If you’ve ever seen the film version of Carl Sagan’s “Contact,” you’ve seen two of many magnificent earthbound radio telescope installations, namely the Large Telescope in Arracebo, Puerto Rico and the Very Large Array of dish telescopes in the New Mexico desert. Jodie Foster’s character resolutely believes that “little green men” have and are trying to contact “us.” So, she and her crew relentlessly listen for frequencies that are unidentifiably “foreign” to cosmological emmissions.

I’ve had my second bout of bronchitis at a colloquium this year, but got antibiotics called in from California which I got onboard immediately. That allowed me to participate in my schola and choir for each day, amid getting some rest at other points of the day. But, during yesterday’s Mass (Latin OF) and Wednesday’s EF I purposefully sat in the very back- does that make me a real Catholic or just a conscientious PIP?- even though bronchitis isn’t contagious.

The Reverend Doctor Ed Schaefer’s schola chanted the Latin Introit from the very front of the nave on the gospel side. From the back of the church I could hardly hear them without intensive focus on my part. When I psychologically adjusted to that I heard first the men effortlessly sailing through the antiphon in a manner that would suggest an almost sotto voce vocal technique, but it really wasn’t. They sang with what Horst Buchholz says, “sing with two ears, not one mouth.” And then the more accessible treble women took over the antiphon adding the beauty of womenchant with almost sheer perfection. I had to write down, “I’m listening to angelic choirs (literally?) crossing, or permeating the noises and frequencies that reverberate through both the cosmos and our earth. AKA, “Contact.”

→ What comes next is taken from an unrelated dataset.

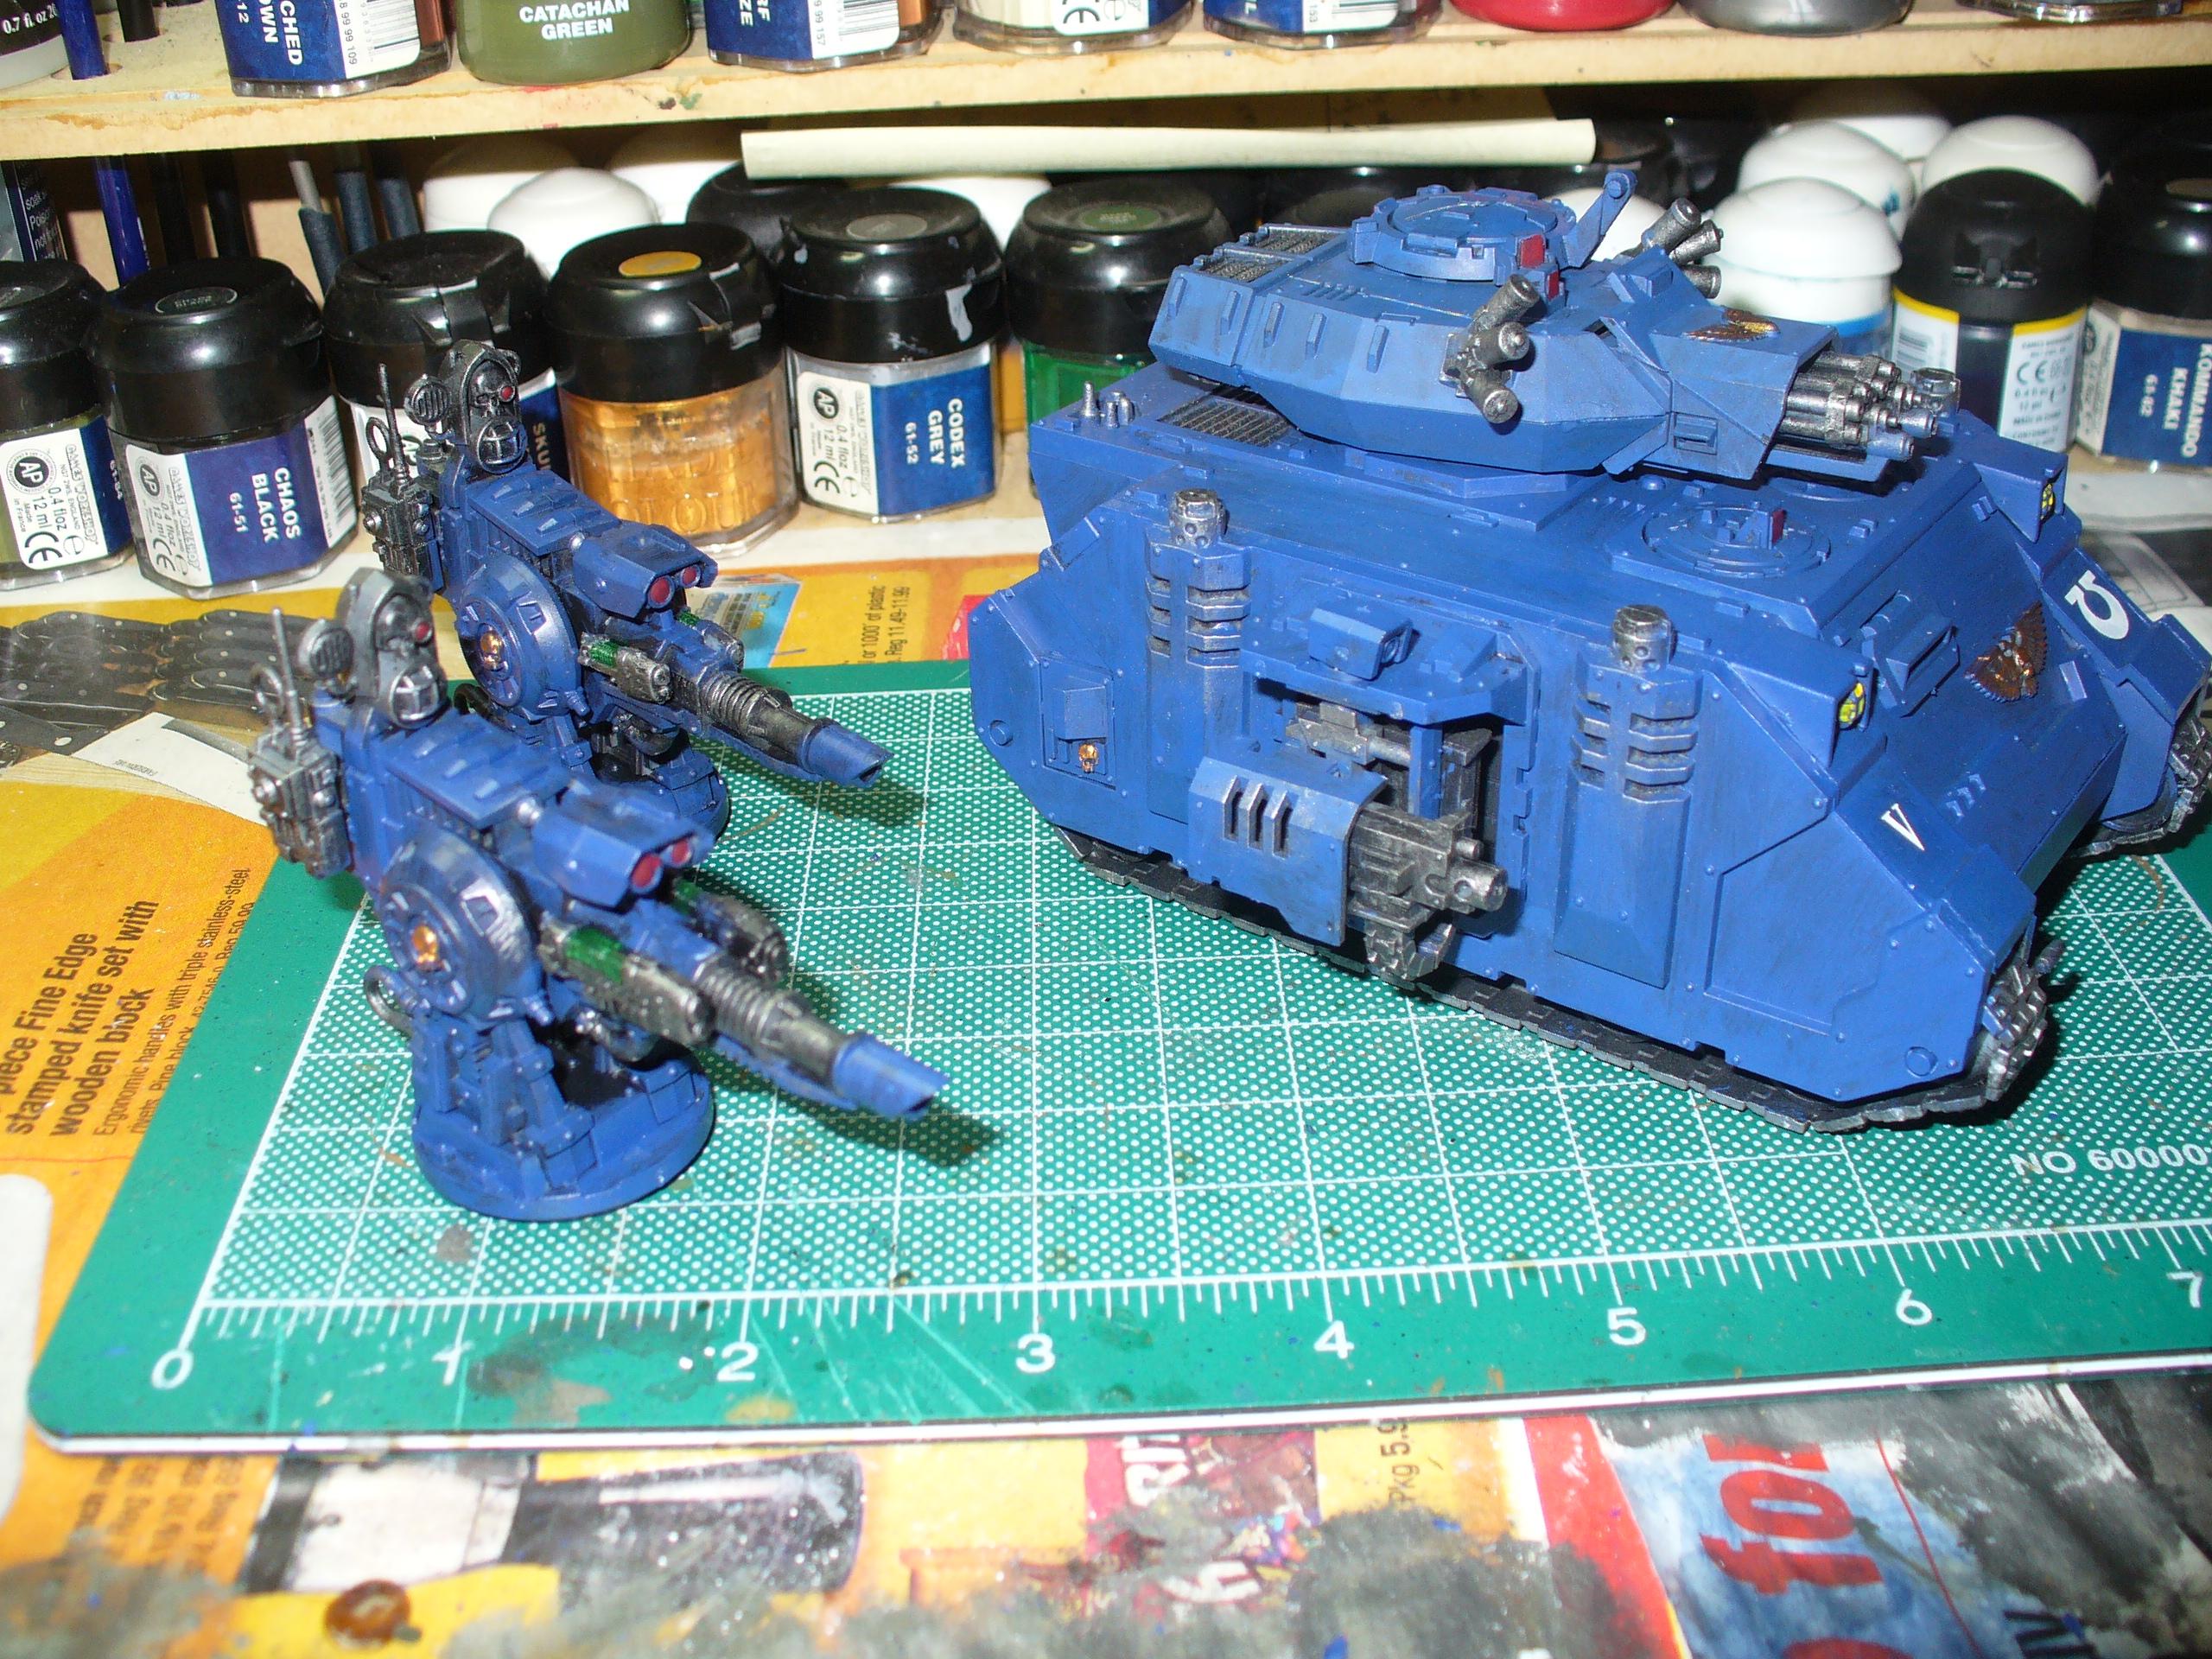 Other side, I used the Icarus Lascannon turret from the Imperial Strongpoint as they were just sitting around and they fit in the vehicles nicely

It was yet another revelation to me from yet another moment in a colloquium. Actuoso means that, like those telescopes, we have to have our human “operator,” our will and desire, predisposed to listen for those beatific sounds. Maybe all of them won’t be perfect or pretty or pristine, but they’re there at every Mass. And if you don’t understand what I’m saying, get thee to a colloquium.